Ulrich H. J. Körtner, Wien
Anmerkungen
- Vortrag auf dem Neujahrsempfang der Evangelischen Zentralstelle für Weltanschauungsfragen (EZW) am 13.2.2014 in Berlin.
- Vgl. Max Weber, Politik als Beruf, Studienausgabe, Tübingen 1994, 77.
- Ernst-Wolfgang Böckenförde, Die Entstehung des Staates als Vorgang der Säkularisation, in: ders., Recht, Staat, Freiheit. Studien zur Rechtsphilosophie, Staatstheorie und Verfassungsgeschichte (stw 914), Frankfurt a. M. 1991, 92-114, hier 112.

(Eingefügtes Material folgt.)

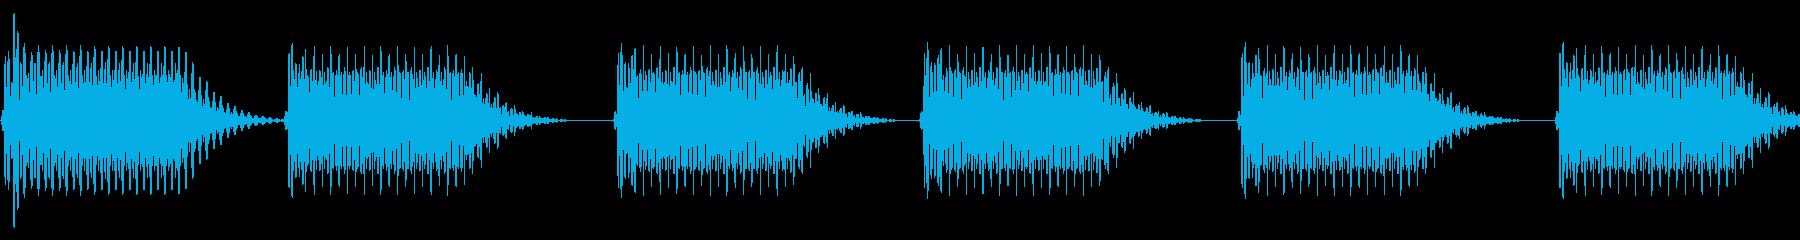 往年のRPG風 セリフ・吹き出し音 5の再生済みの波形
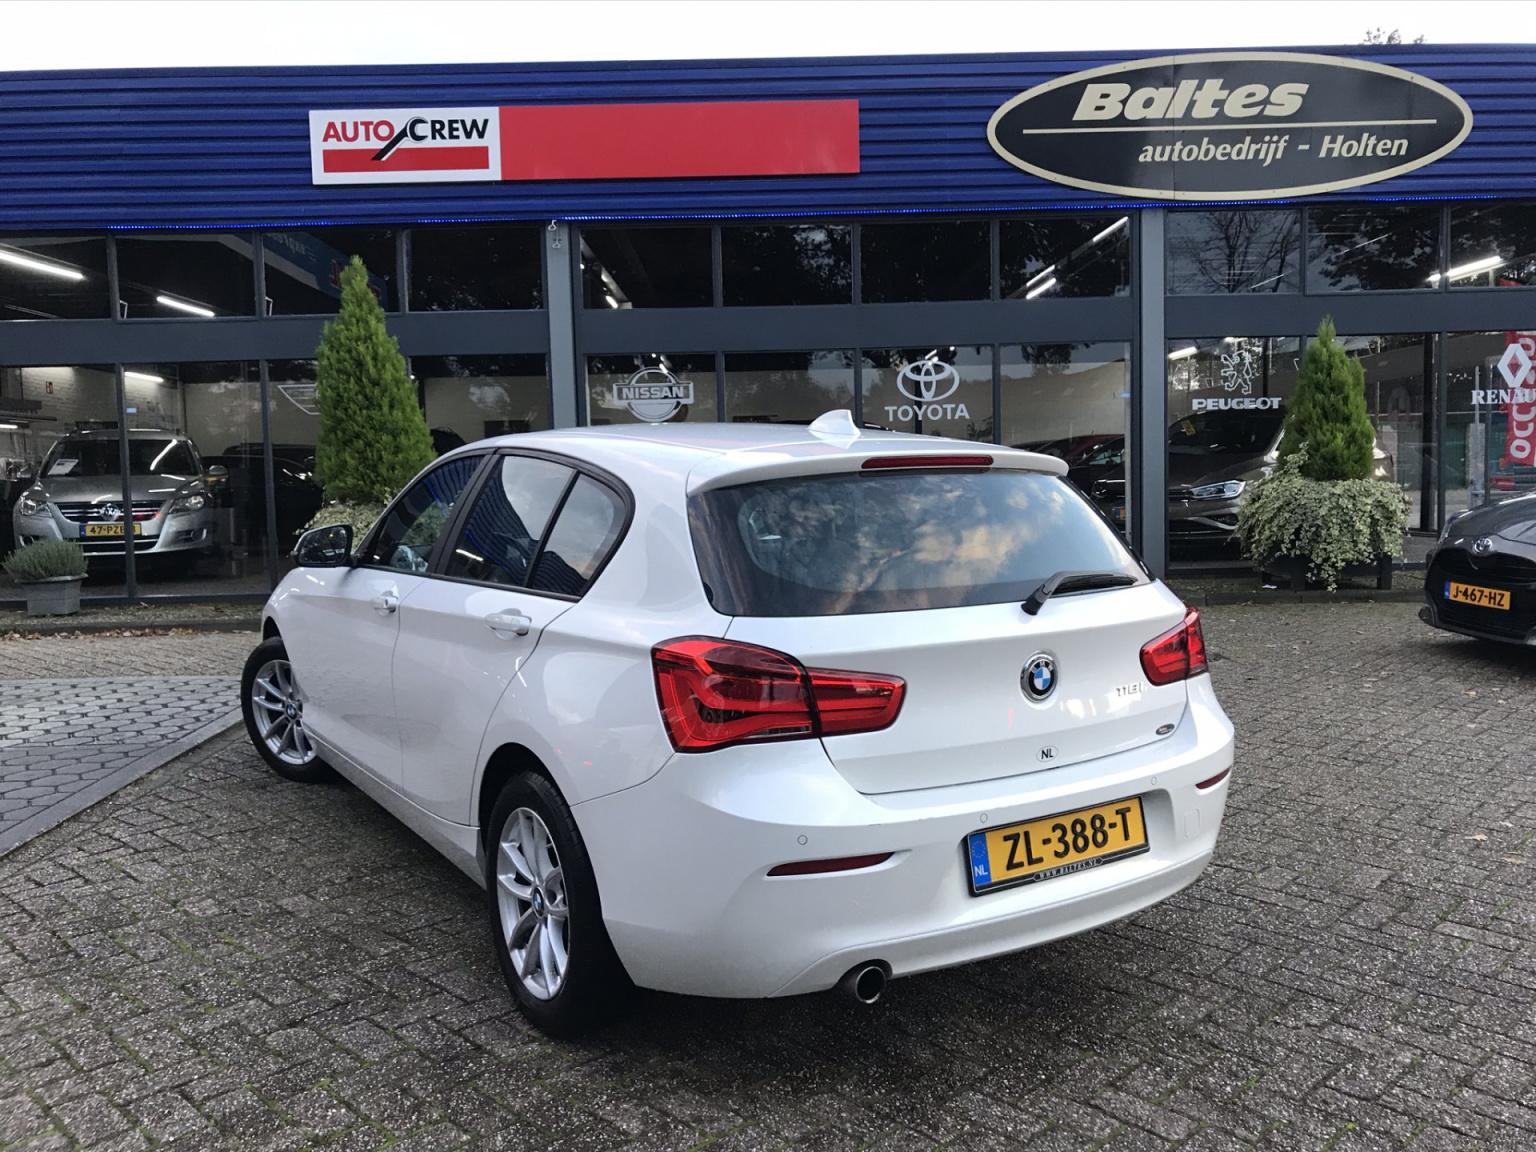 BMW-1 Serie-34

- Vgl. Rolf Schieder, Wieviel Religion verträgt Deutschland?, Frankfurt a. M. 2001.
- Vgl. Reinhard Hempelmann, 50 Jahre Evangelische Zentralstelle für Weltanschauungsfragen, in: Religionsdifferenzen und Religionsdialoge, EZW-Texte 210, Berlin 2010, 9-11, hier 11.
- Wolfgang Vögele, Menschenwürde zwischen Recht und Theologie. Begründungen von Menschenrechten in der Perspektive öffentlicher Theologie (Öffentliche Theologie 14), Gütersloh 2000, 23f. Vgl. schon ders., Zivilreligion in der Bundesrepublik Deutschland (Öffentliche Theologie 5), Gütersloh 1994, 418ff.
- Martin Schuck, Art. Politische Theologie, RGG4 VI, Tübingen 2003, 1471-1474, hier 1474.
- Vgl. Odo Marquard, Abschied vom Prinzipiellen. Philosophische Studien, Stuttgart 1981.
- Vgl. Wolfgang Huber, Toleranz. Umstritten und aktuell, in: Zeitschrift für Evangelische Ethik 48 (2004), 162-165.
- Vgl. dazu Ulrich H. J. Körtner, Theologie der Religionen – eine Form des Diversity Managements, in: Karoline Iber/Birgit Virtbauer (Hg.), Diversity Management, Göttingen 2008, 95-112.
- Vgl. Ian T. Ramsey, Religious Language, London 1957.
- Jan Assmann, Moses der Ägypter. Entzifferung einer Gedächtnisspur, München 1998, 24.
Vgl. Ludwig Wittgenstein, Philosophische Untersuchungen (stw 203), Frankfurt a. M. 1977, 57 (Nr. 67).